= Signaling System No. 6 =

Signaling System No. 6 (SS6) was introduced in the 1970s as an early common channel signalling method for telecommunication trunks between international switching centers (ISCs). It is specified in CCITT Recommendations Q.251-Q.300.

The predecessor protocol to SS6, SS5, was carried In-band and was increasingly being exploited by phreakers. SS6 was out of band which gave it some protection from these attacks.

Traffic switching in the ISCs was then typically handled by crossbar switches or electronically controlled cross-points such as reed relays. The transmission media were likely satellite links or long terrestrial submarine cable channels. In some cases these were advantaged or multiplied with time-assignment speech interpolation (TASI) or digital circuit multiplication equipment (DCME). These transmission methods were not suited to line or inter-register signalling. Taking the signalling function away from the traffic channel could cut costs, and would later lead to Common Channel Signalling. There would be no need for filtering signalling away from speech, and the duty cycle of the costly trunk for each revenue earning call would be better. Signalling time in call set up and clear down would be significantly shorter than with C4 and C5. With telephone signalling not transmitted over the line, the opportunities for fraud were reduced.

The CCITT 6 signalling channel was typically a 2.4 kbit/s data link. Technology at the time was an M1040 or M1020 analogue Four-wire circuit presented private circuit link.
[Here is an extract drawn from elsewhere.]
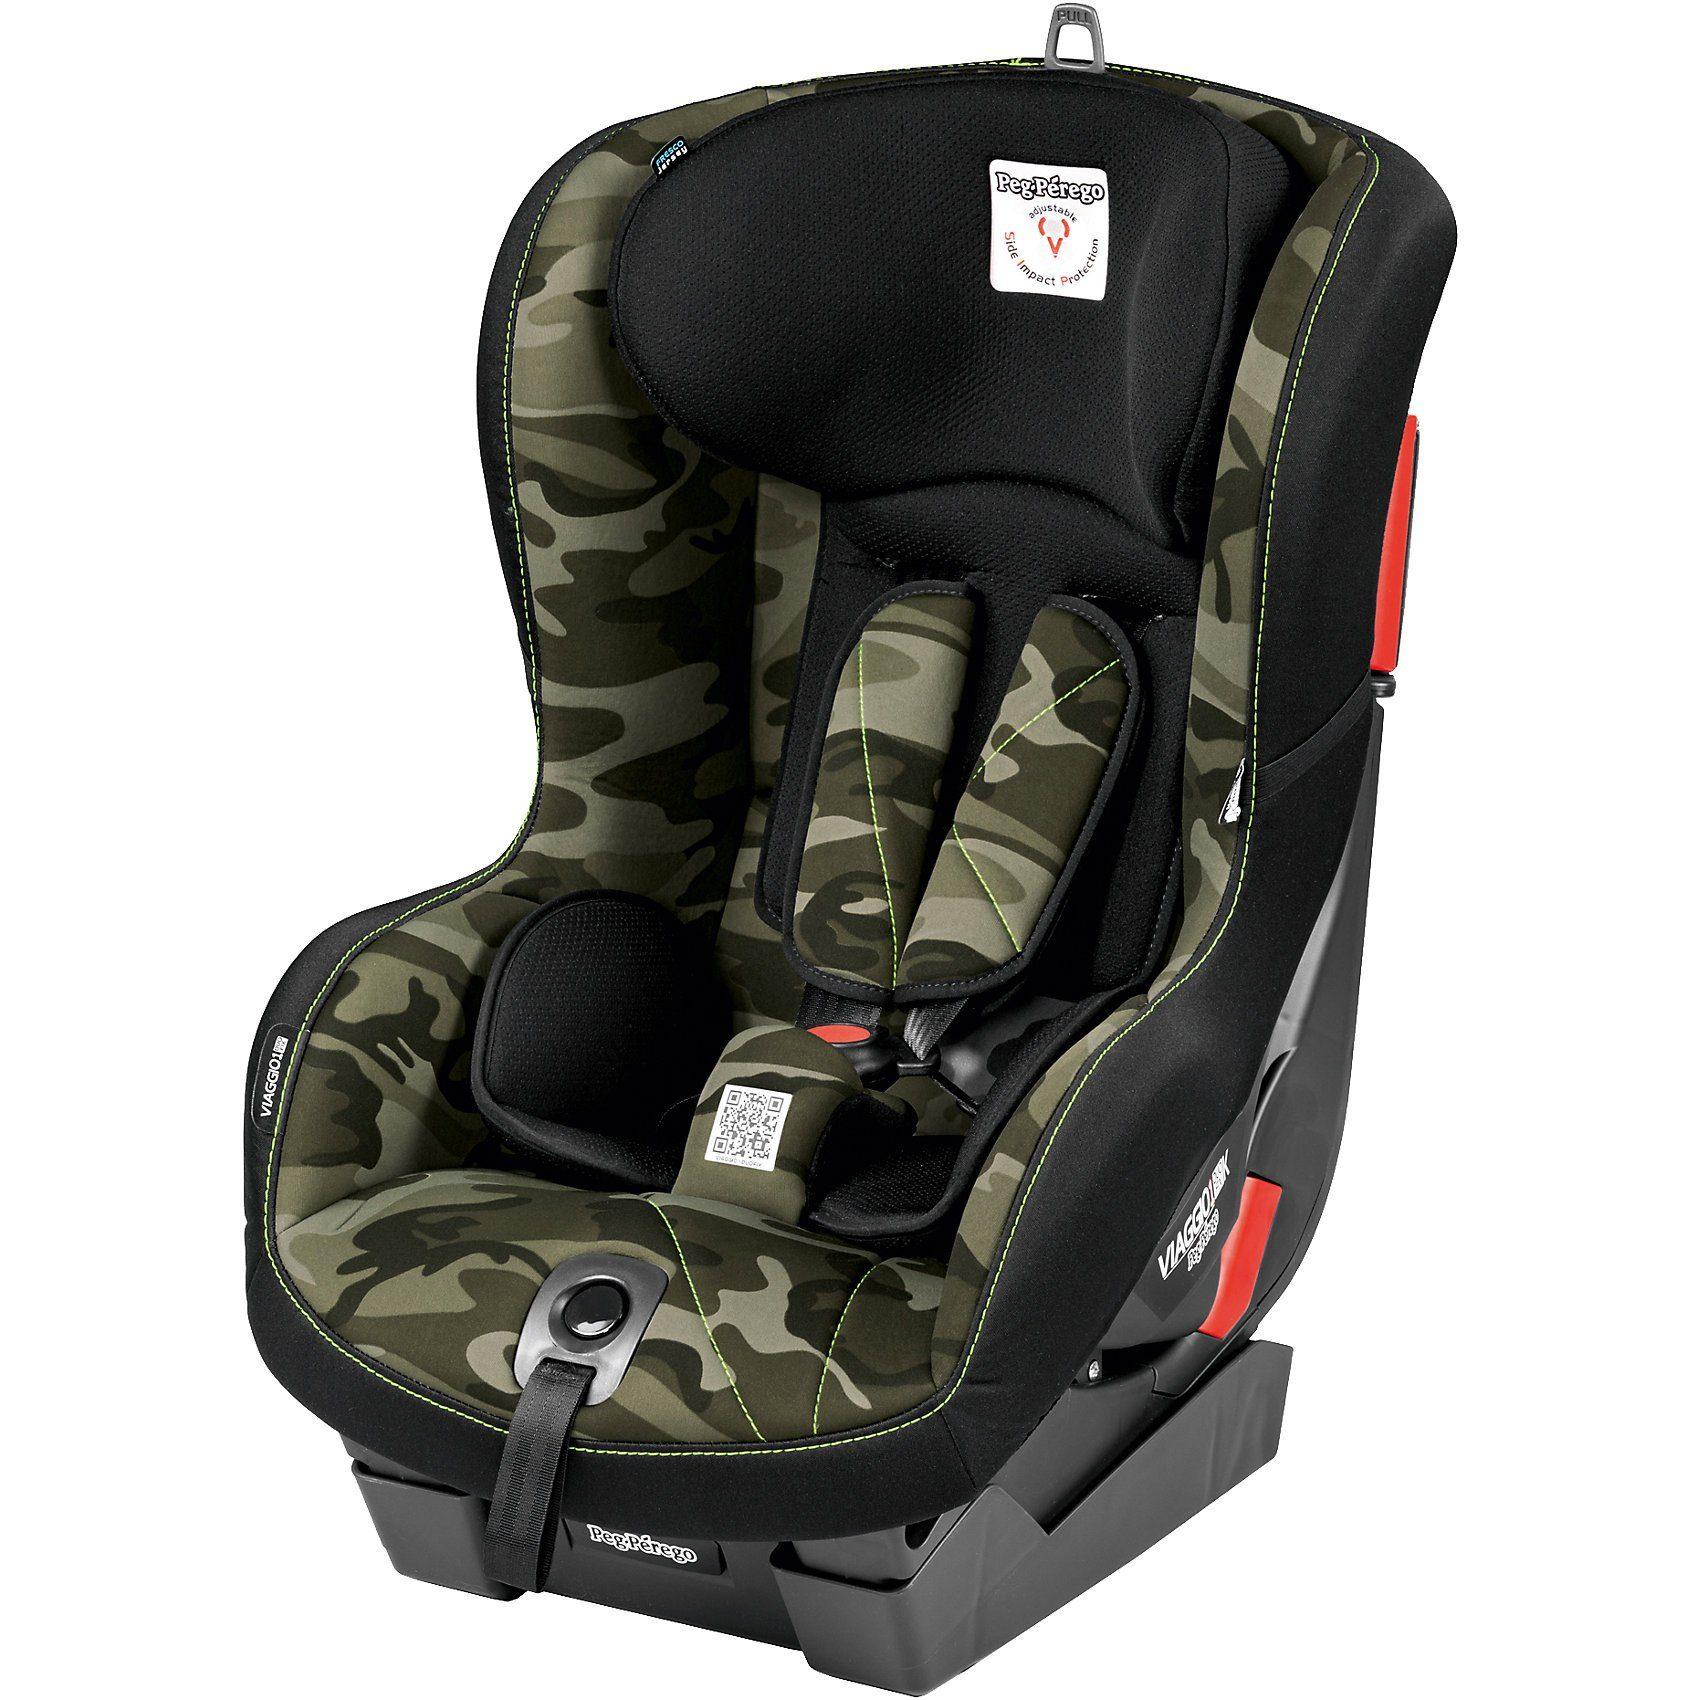 Peg Perego Auto-Kindersitz Viaggio1 Duo-Fix K, Camo Green, 2018

Modems were slowly beginning to exceed these data rates over 4w circuits; these data links had the advantage that there was no national tail from the ISC out to a normal end point in the country. It was often the National Section that detracted the most from the quality and reliability of such links.

The data circuit known with a DP designation, would have been terrestrial with no TASI or DCME, and the C6 signalling on the data link could perform for 48 or 96 traffic channels. It could function for up to 2,048 in the maximum. The question is whether two operators would have that many traffic channels between them, dependent on just one bearer for signalling and subject to occasional failure. It was of course practice to have standby route over a diverse path in case of outage on the original DP data circuit link.

Finally it was considered possible that a mesh of such data channels could be set up between major centres, leading to a system where the link between country A and country B could perform the signalling functions for links to country A from country D for example.

CCITT No 6 was a method developed & implemented by administrations in a limited number of countries for use in correspondent International Switching of analogue telephone calls. The next development was correspondent and non-correspondent switching of telephone calls by new operators in the countries where more sophisticated methods were required.